Долгое время я думал, что вместо искусства нужна шалость.
И действовал в соответствии с этой идеей.
Дети оживляются от своего бесчинства.
Я следовал их примеру.
Однажды в Лондоне я забрёл в аукционный дом «Сотбис» на Бонд-стрит.
В тот день там проходил аукцион работ Дэмьена Хёрста.
Это очень, очень, очень богатый предприниматель.
И довольно заурядный художник.
Аукционный зал был полон.
Я всё-таки нашёл свободное место.
Происходили торги – как и полагается в «Сот-бис».
На подиум одна за другой выносились работы Хёрста – «Spot Paintings», «Spin Paintings», «Kaleidoscope Paintings» – и с молотка продавались.
Сбыт искусства шёл бойко.
Сперва я наблюдал с любопытством, а потом меня затошнило.
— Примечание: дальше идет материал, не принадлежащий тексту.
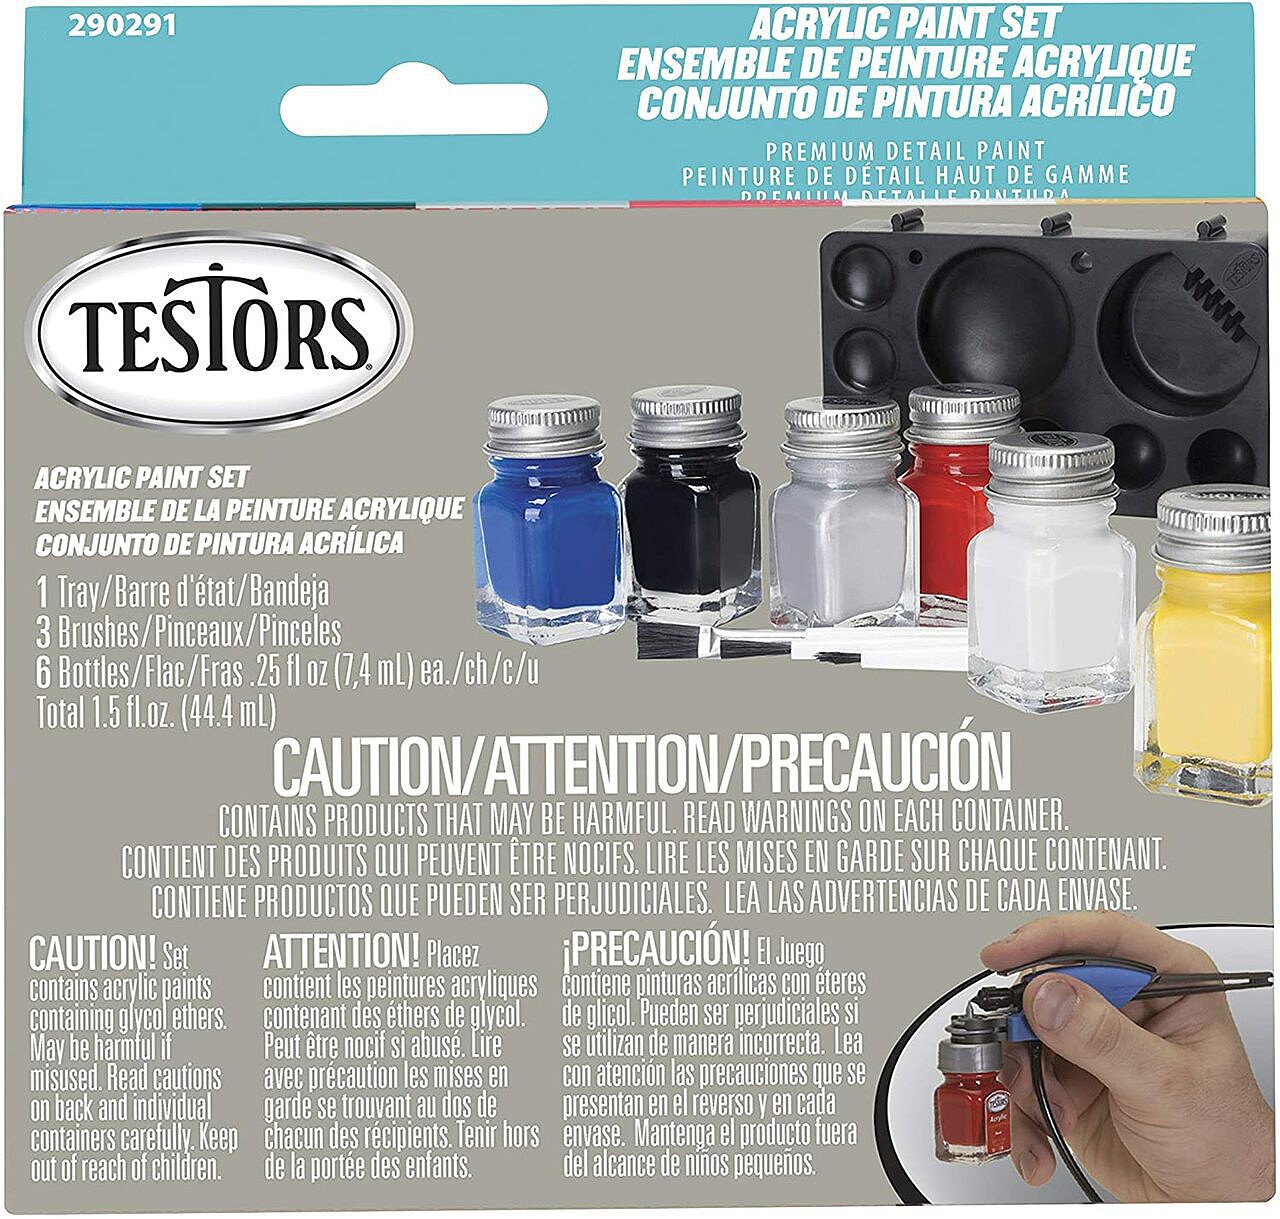 Testors 9119 Model Car Paint Kit (6 Colors)

Я подумал: «Пошалю немножко».
В тот момент на продажу была выставлена большая картина с мёртвыми бабочками, влипшими в яркую краску, – живописная стряпня Хёрста из серии «Butterfly Colour Paintings».
Клерк поднял молоточек.
Я крикнул:
– СРИ!
В переполненном зале воцарилась молчанье.
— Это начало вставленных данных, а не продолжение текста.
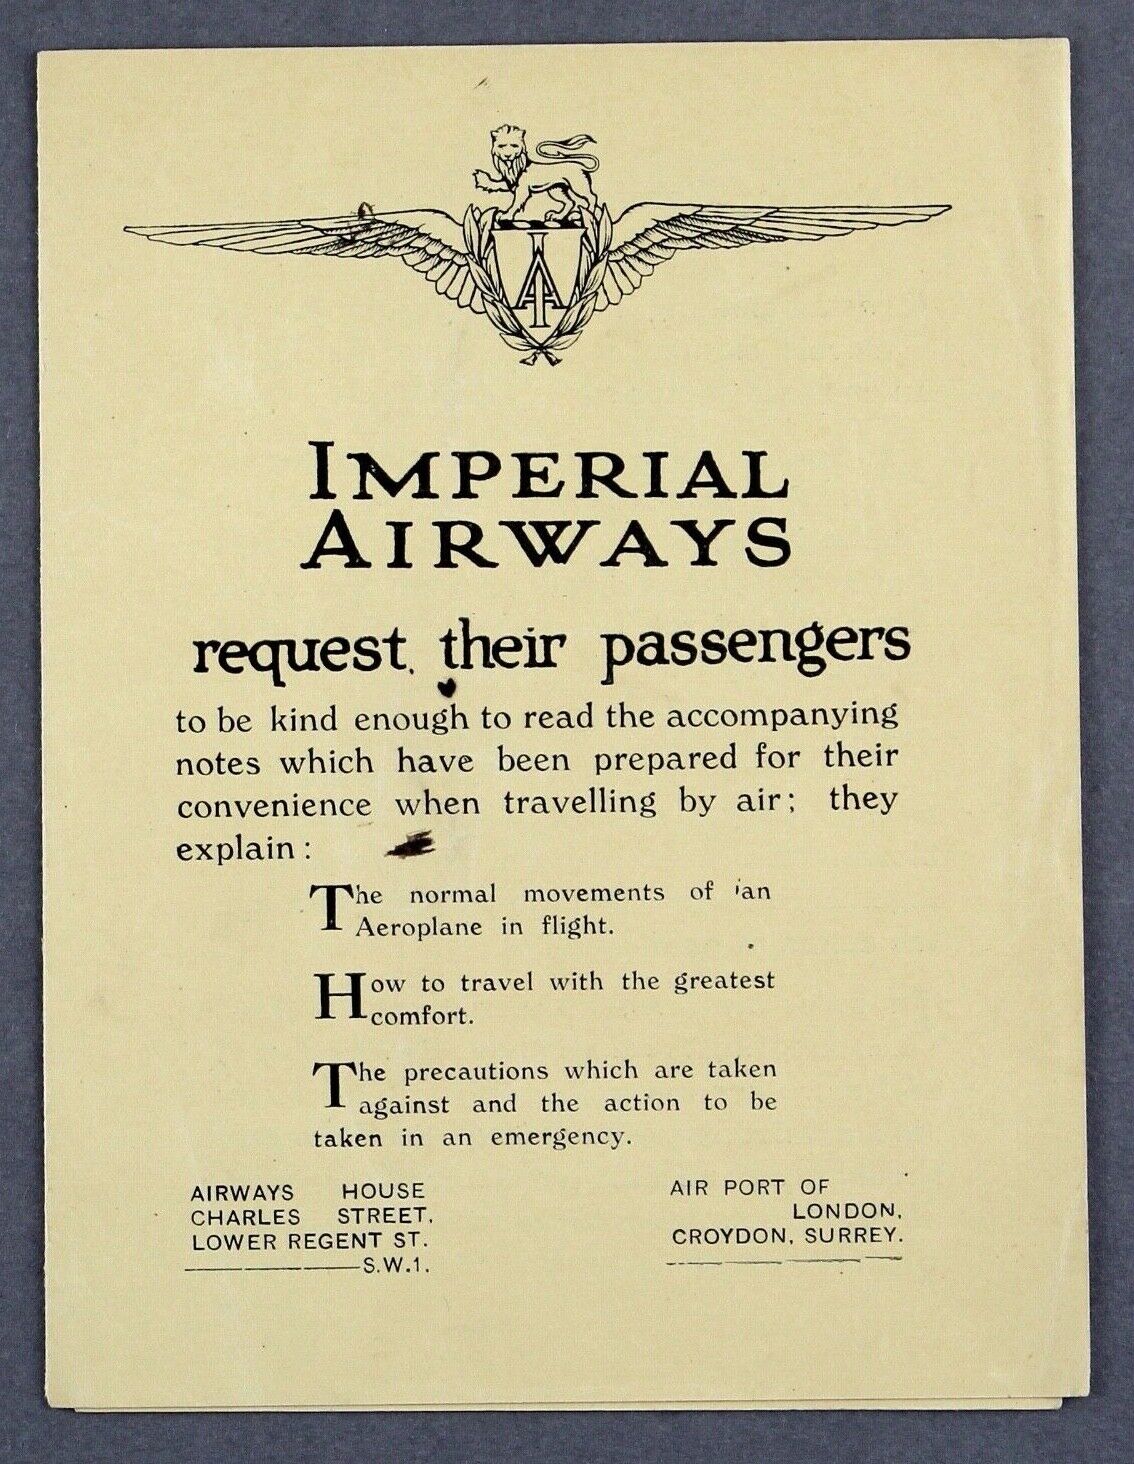 IMPERIAL AIRWAYS VINTAGE AIRLINE SAFETY CARD & INFORMATION BROCHURE 1930

«СРИ» – это могло означать две вещи: цифру 3 (three) по-английски и слово «срать» по-русски.
Понимай как хочешь.
Клерк с молоточком обратился ко мне:
– What do you mean, sir?
А я как из пушки:
– СРИ!
И состроил весьма идиотскую рожу: выпучил зенки, вывалил язык, пустил слюнку.
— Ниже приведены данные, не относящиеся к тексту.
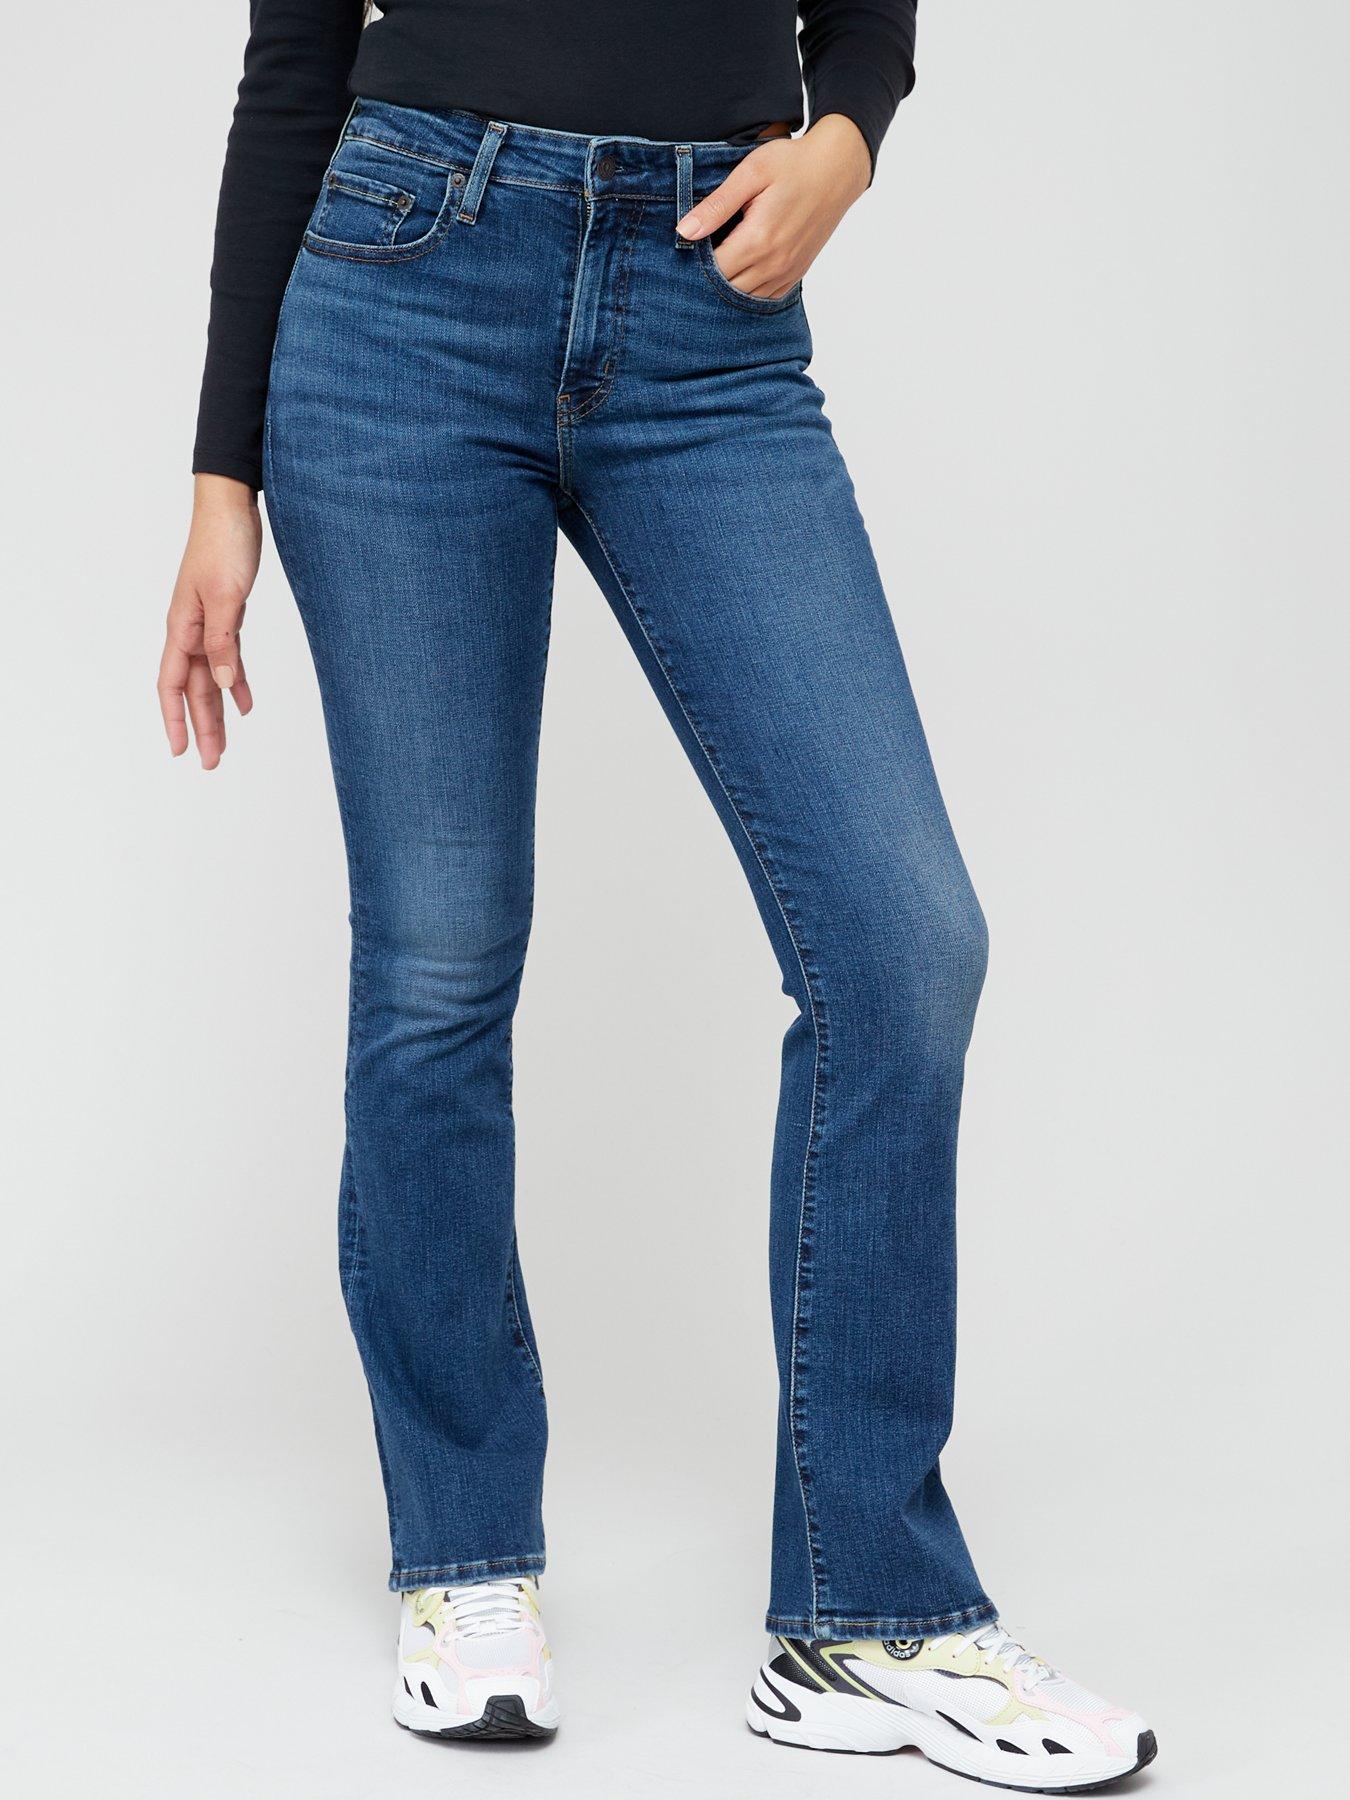 Levi's Original Women's 725 High Rise Bootcut Jeans

Все вокруг уставились на меня, как на чудо-юдо.
Клерк что-то промямлил, но я не расслышал.
И опять:
– СРИ!!! – во всё горло.
Они не могли понять: то ли я дебошир, то ли русский олигарх с похмелья.
Они соображали: а вдруг я страдаю какой-то душевной болезнью, но хочу купить картину за три миллиона…
Клерк попробовал торговать опять, но я остался помехой:
– СРИ! СРИ! СРИ! СРИ!
Появились вышибалы.
Они действовали деликатно: знаками попросили меня удалиться.
Я наотрез отказался и заорал очень буйно:
– СРИ! СРИ! СРИ!
Тогда они потащили меня вон из зала.
Люди отворачивались, прятали лица.
В вестибюле возник лучезарный джентльмен в искромётном костюме:
– Are you OK, sir?
Он тоже сомневался: может, я – эксцентричный миллионер из Сибири?
А я ему в рожу:
– СРРРИИИИИИИИИИИ!
Но он, кажется, не обосрался.
А жаль – это могло бы превратить его в Собаку Баскервилей.
Как сказал Андрей Платонов: «Жил с людьми, – вот и поседел от горя…»
И всё-таки я в тот день повеселился и ожил.
Всё вокруг ожило: люди, Бонд-стрит, город Лондон.